Inland Empire Office:
The office sector in the Inland Empire has been booming, largely due to the population increasing by 100,000 annually and office employment growing at 7%. The growing population is drawing banks, escrow companies and attorneys into the area. The fact that skilled employees are willing to accept lower wages in return for a shorter commute has also drawn firms focusing on medical equipment, computer technology, and electronic and precision instruments. The overall office vacancy rate of 7.3% is among the lowest in the nation. Class A office rents increased nearly 8% in 2006 to $2.11 per square foot, the highest in six years. Almost 3 million square feet of space is under construction, double last year's levels. Widespread development should continue in line with the maturing economy.
Industrial:
The Inland Empire is the top market in the nation for new construction of industrial space, the vast majority for warehouses and distribution centers serving the nearly 40% of all goods from Asia that pass through the ports of Los Angeles and Long Beach. Among all U.S. cities, the market had the highest net absorption in 2006 which encouraged new construction. Currently, 21 million square feet of warehouse/distribution space is under way. Though recent job expansion in the industrial sector is slower than in previous years, the future looks promising. Significant job creation is taking place at the conversion of the former George Air Force Base in Victorville into the Southern California Logistics Airport.
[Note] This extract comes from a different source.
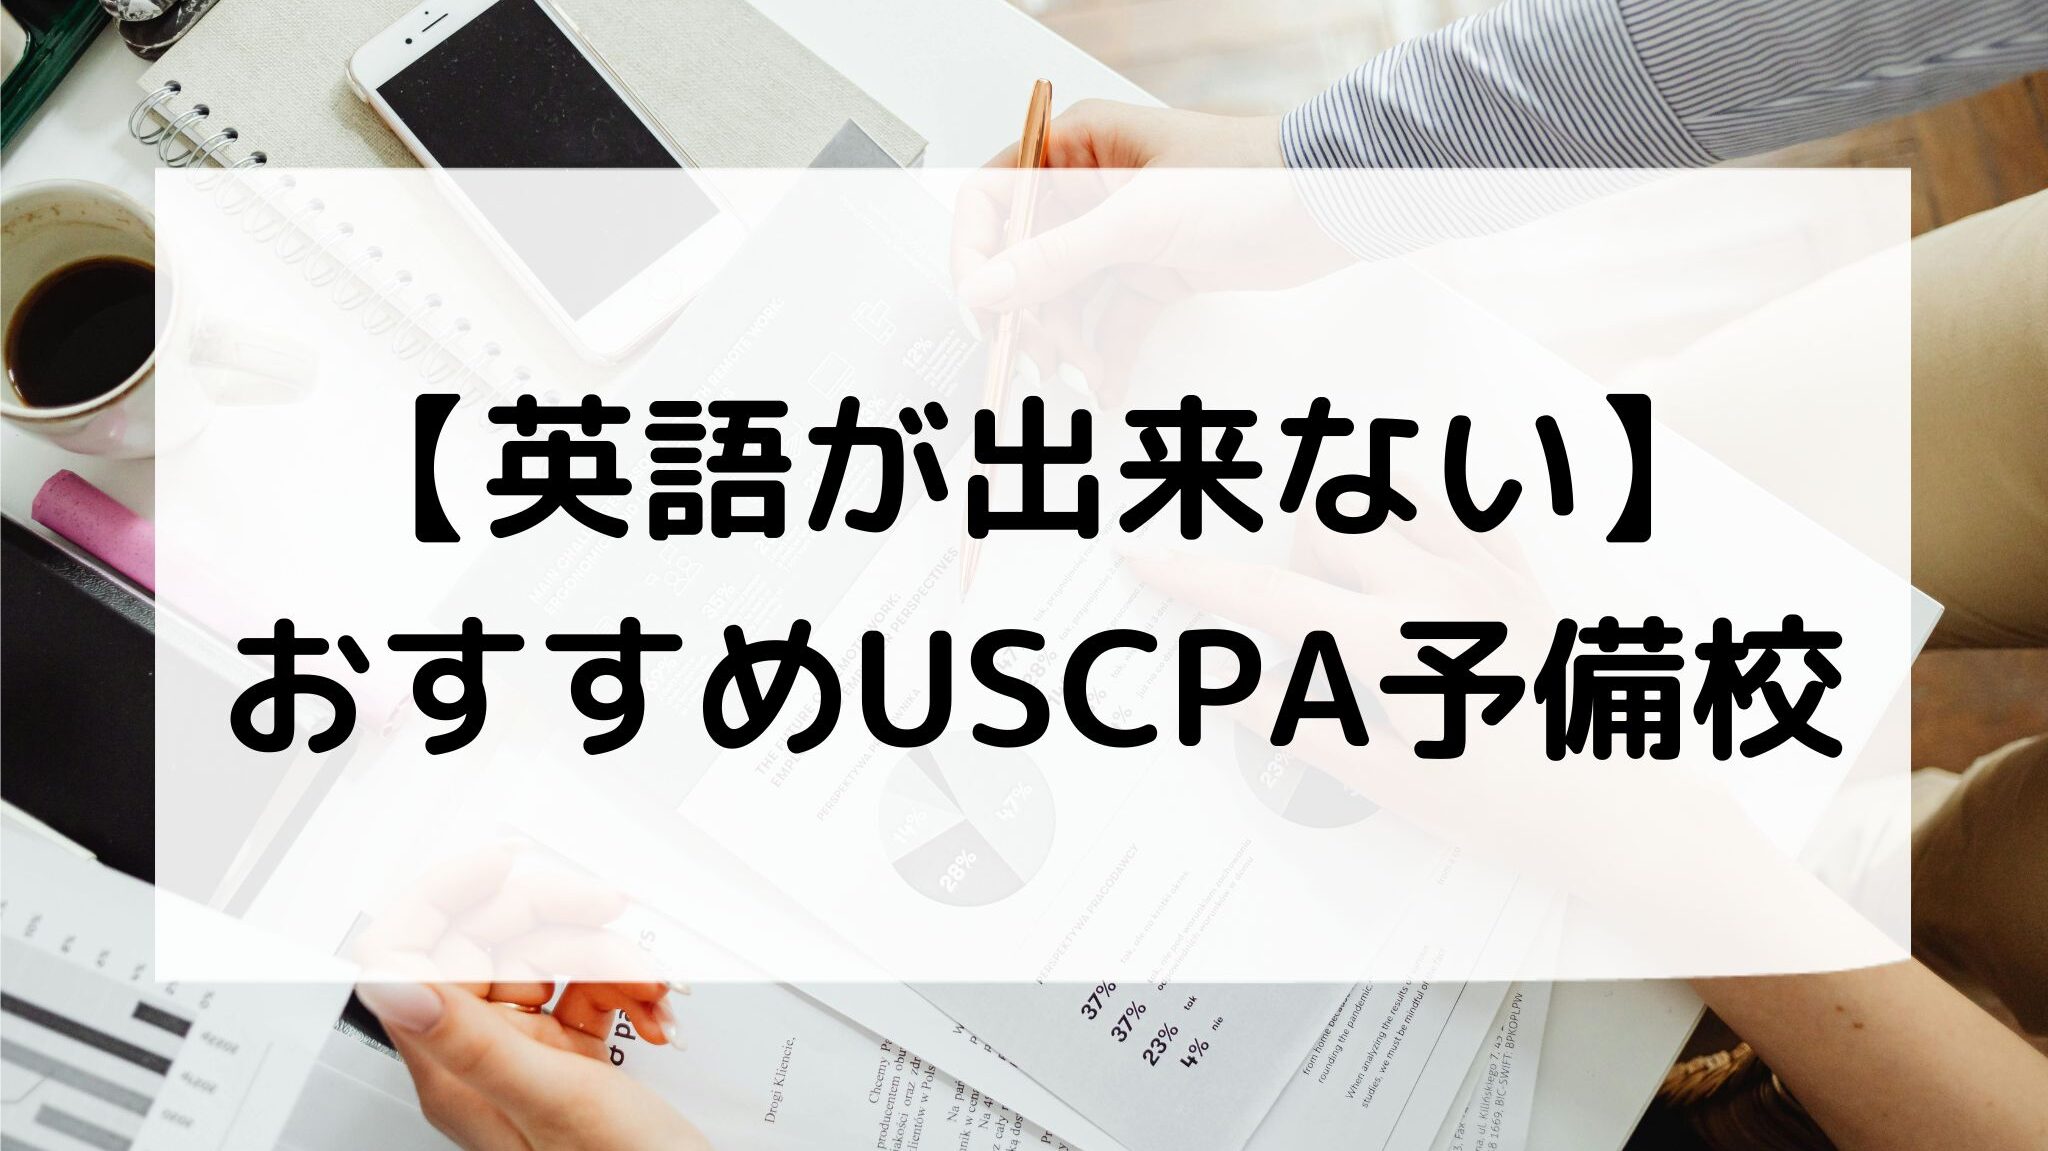 日本語対応のUSCPA予備校おすすめランキング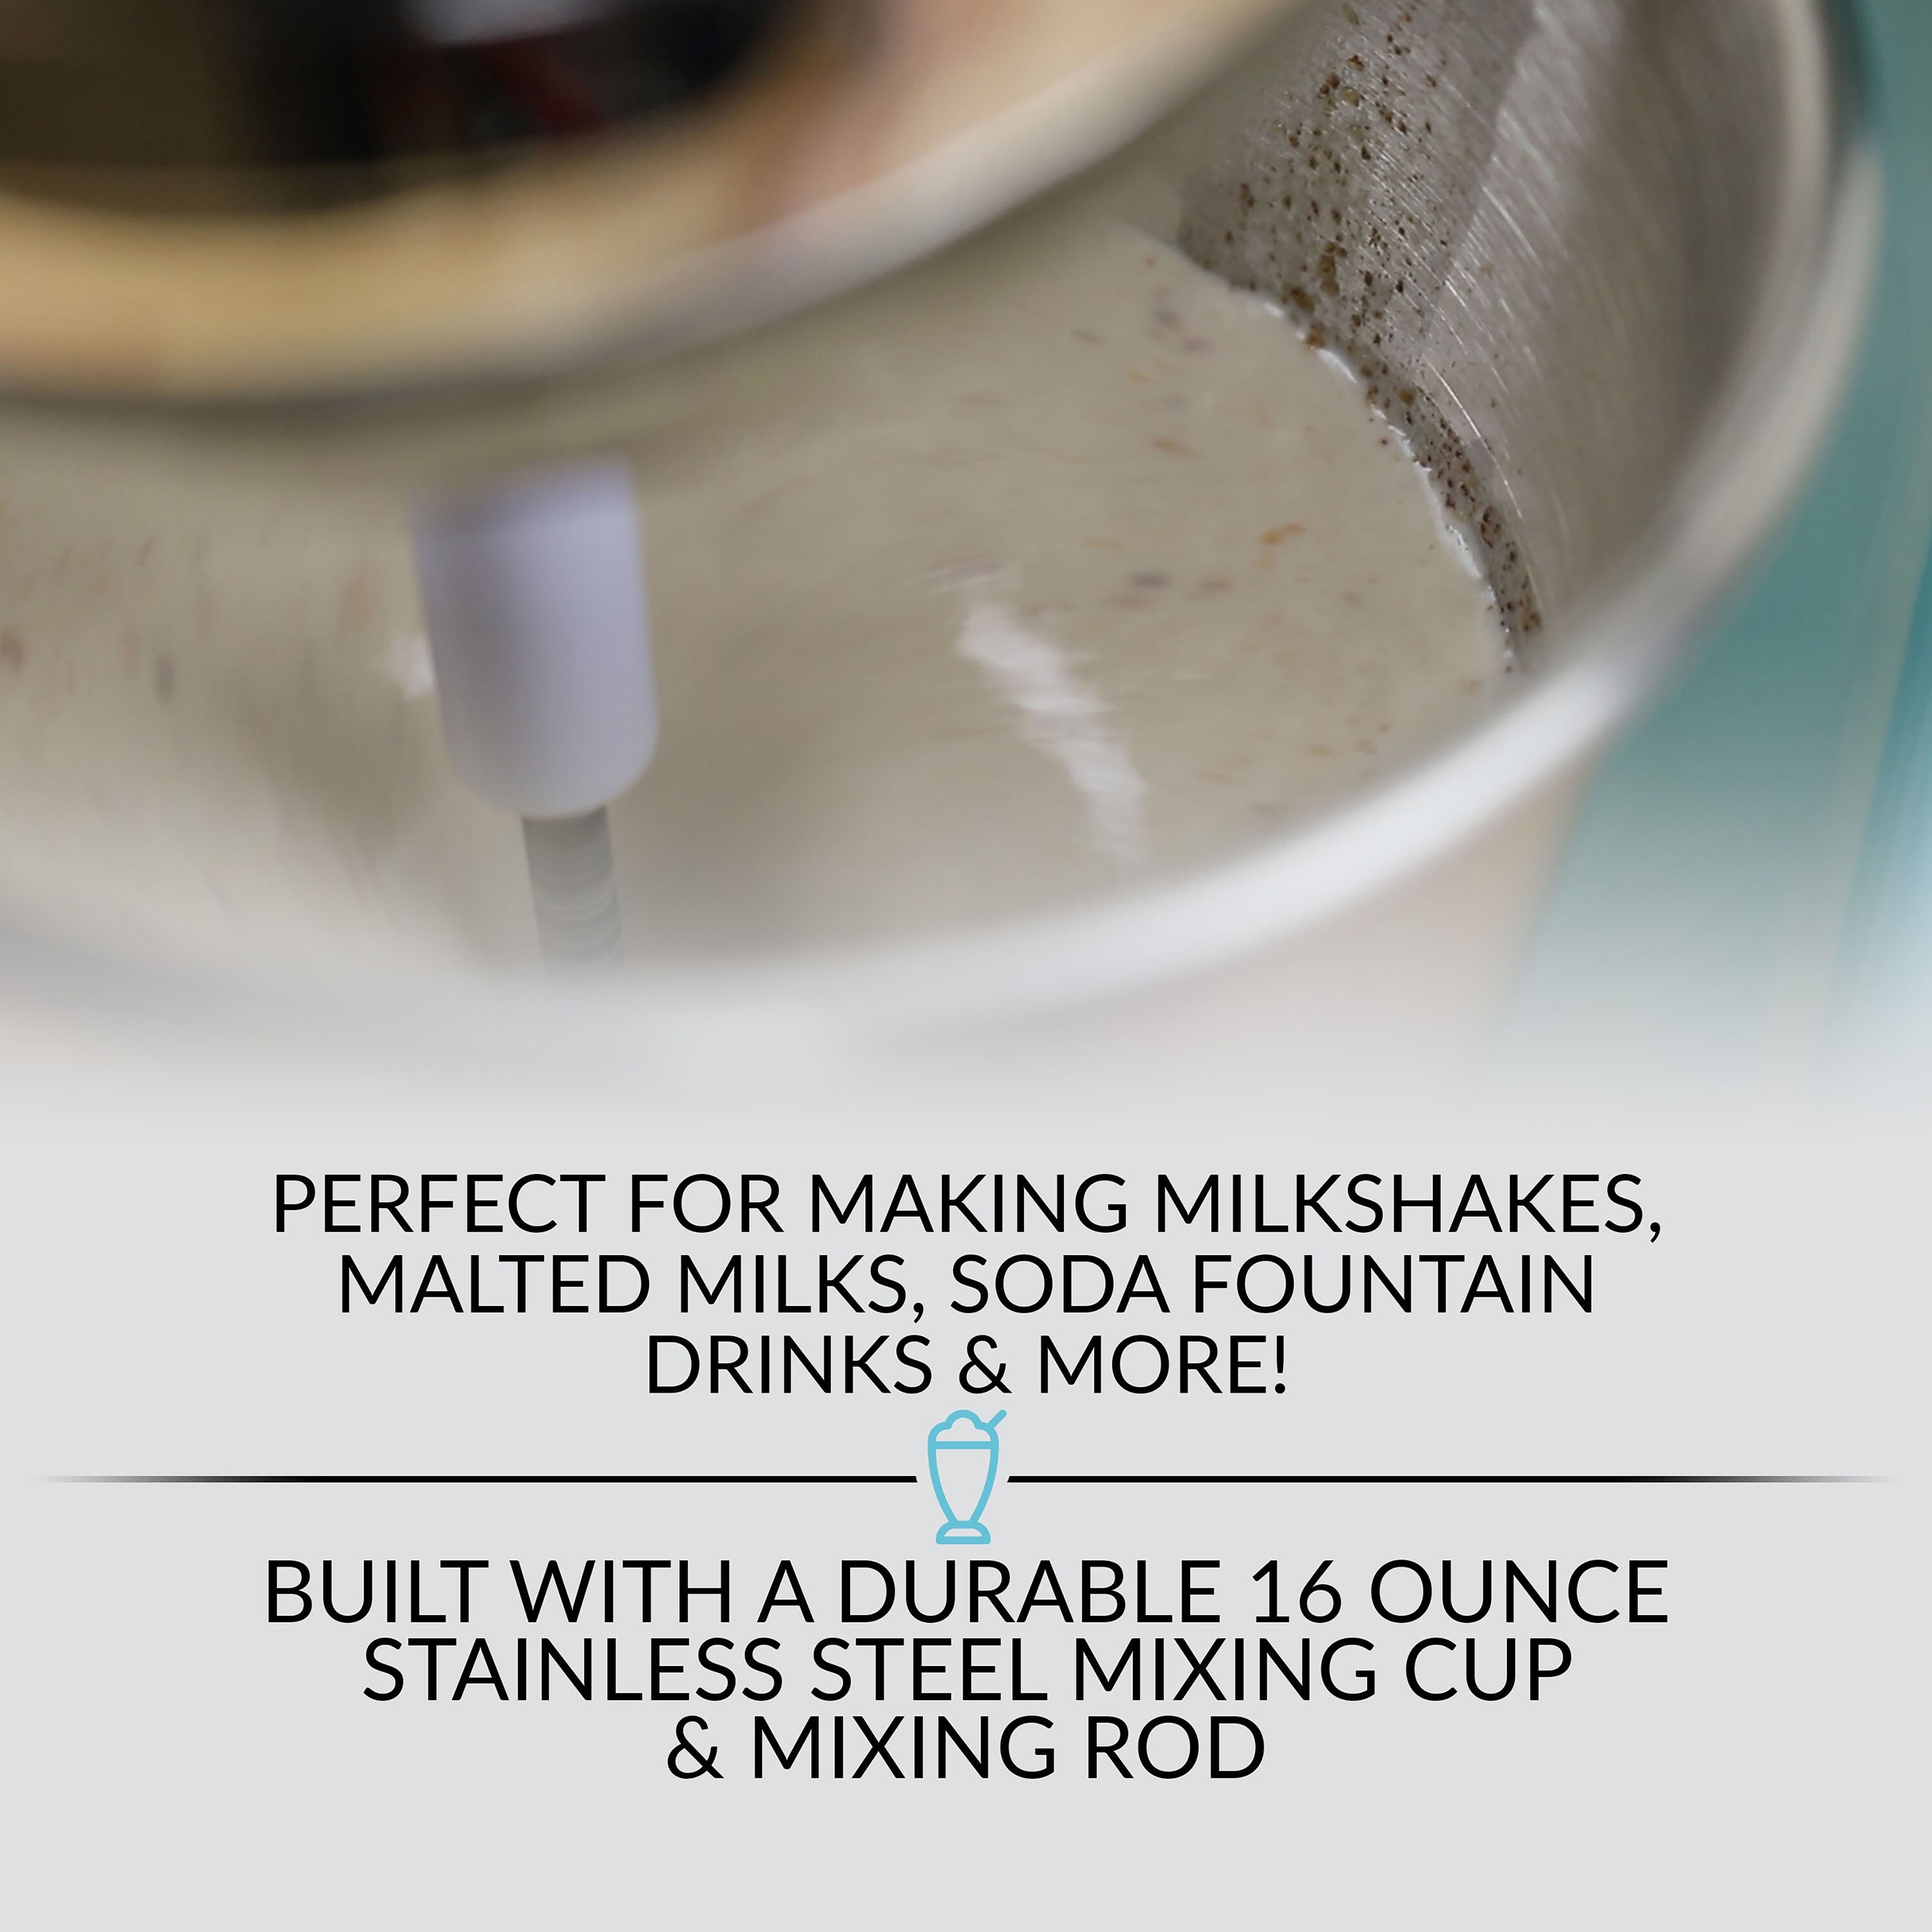 2-Speed Milkshake Maker and Drink Mixer

The largest speculative industrial building in the nation - at 1.7 million square feet - is being built in Perris. Robust demand for large industrial space in the Inland Empire is likely to overcome any short-term market adjustments. Even double-digit rent increases past the current $0.40 per square foot still make the area competitive to neighboring Los Angeles and Orange counties. Market-wide vacancy rates should remain under 5% through 2007.